HISTORIC WIN: Utah's first conference road win since a 62-60 buzzer-beating win at New Mexico on Feb. 19, 2011, was obviously well received by the Utes. Their enjoyment, however, was somewhat short-lived.

"It was really gratifying, but having said that we're on to the next one Thursday night," Krystkowiak said as the Utes prepared for Thursday night's home game against California. "But it was some good medicine. It felt good for all of us to kind of validate some of our efforts."

At Monday's press conference in the Huntsman Center, Washburn gave thought to the task ahead.

"I think the enjoyment is over," he deadpanned. "Practice starts in 20 minutes."

BROTHERLY LOVE: Krystkowiak's older brother, Bernie, sent him a text giving him a hard time because of his repeated use of "the sun keeps coming up" after close losses. After beating Washington, though, Bernie sent his sibling a similar text — with a twist.

It read: "The sun did come up this morning, but it felt a little bit brighter than it usually was."

REUNION, OF SORTS: Krystkowiak downplayed this week's matchup with California coach Mike Montgomery. They go way back. Montgomery coached Krystkowiak at Montana from 1982-86.

"It's a cool opportunity to get together with him," Krystkowiak said before noting that both coaches are fighting and scratching for wins right now so there hasn't been a lot of communication.

The Utes are 9-9 overall and 1-5 in Pac-12 play, while the Golden Bears are 10-7 and 2-3.

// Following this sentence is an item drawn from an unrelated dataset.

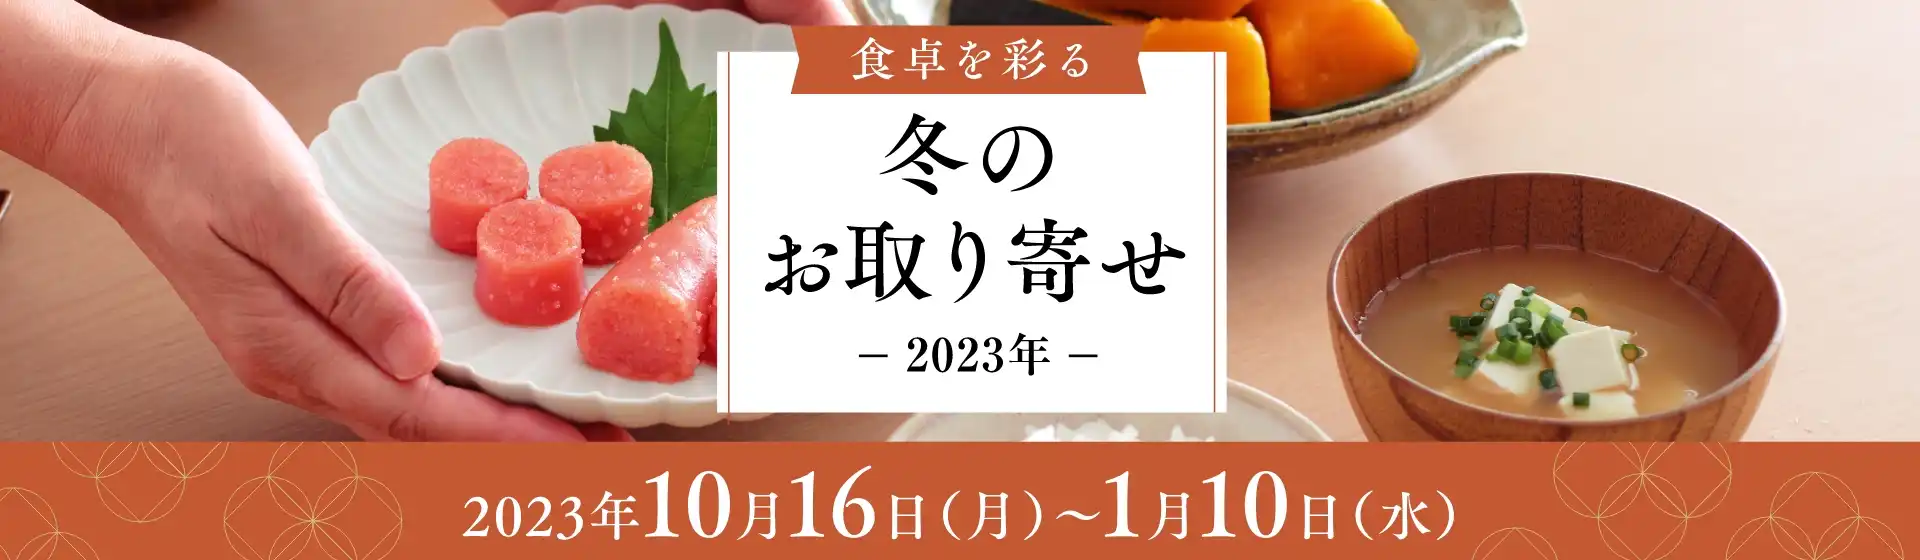 冬のお取り寄せ【開催期間】2023/10/16(月)~2024/1/10(水)
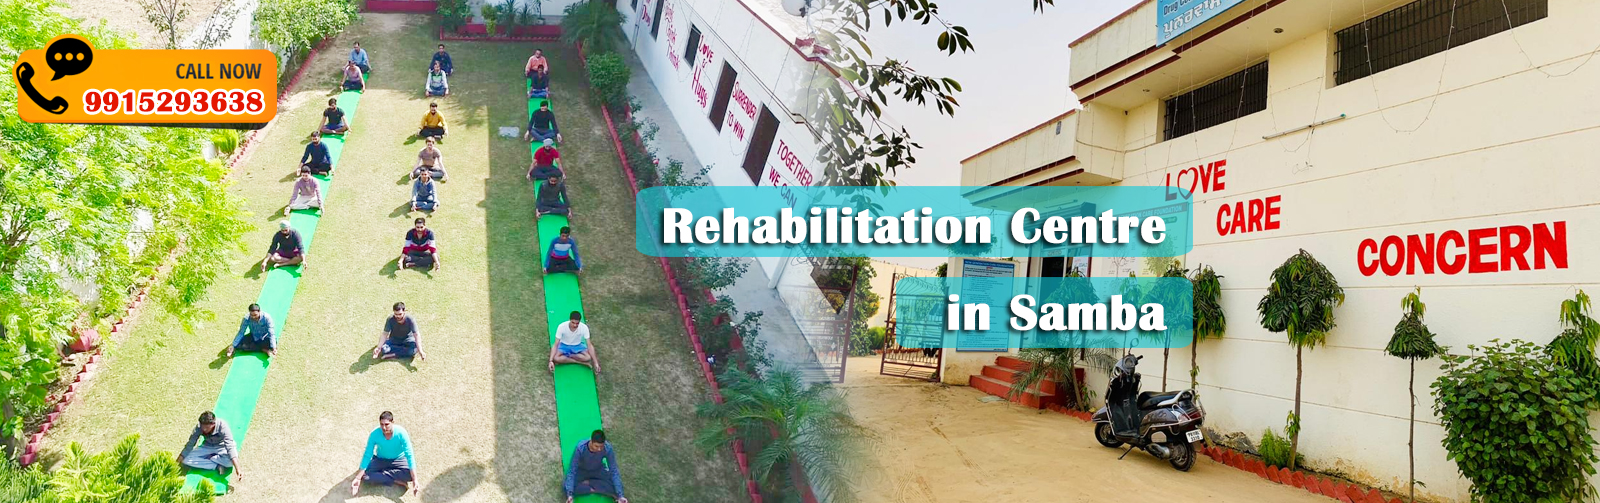 Rehabilitation Centre in Samba

"They've been beat up (and) had some injury issues," Krystkowiak said. "I don't think things have gone — for either of us — the way we would have liked. We're both a little bit on edge."

Krystkowiak admitted he hasn't thought a whole lot about the impending reunion.

"It's just kind of an opportunity to say hi to him before and after the game. But beyond that it's become a little bit more business," he said. "We enjoy each other's company in the offseason and when we're at these coaches meetings and stuff. But once the season's on, there's not a whole lot of excitement or extra friendship about it."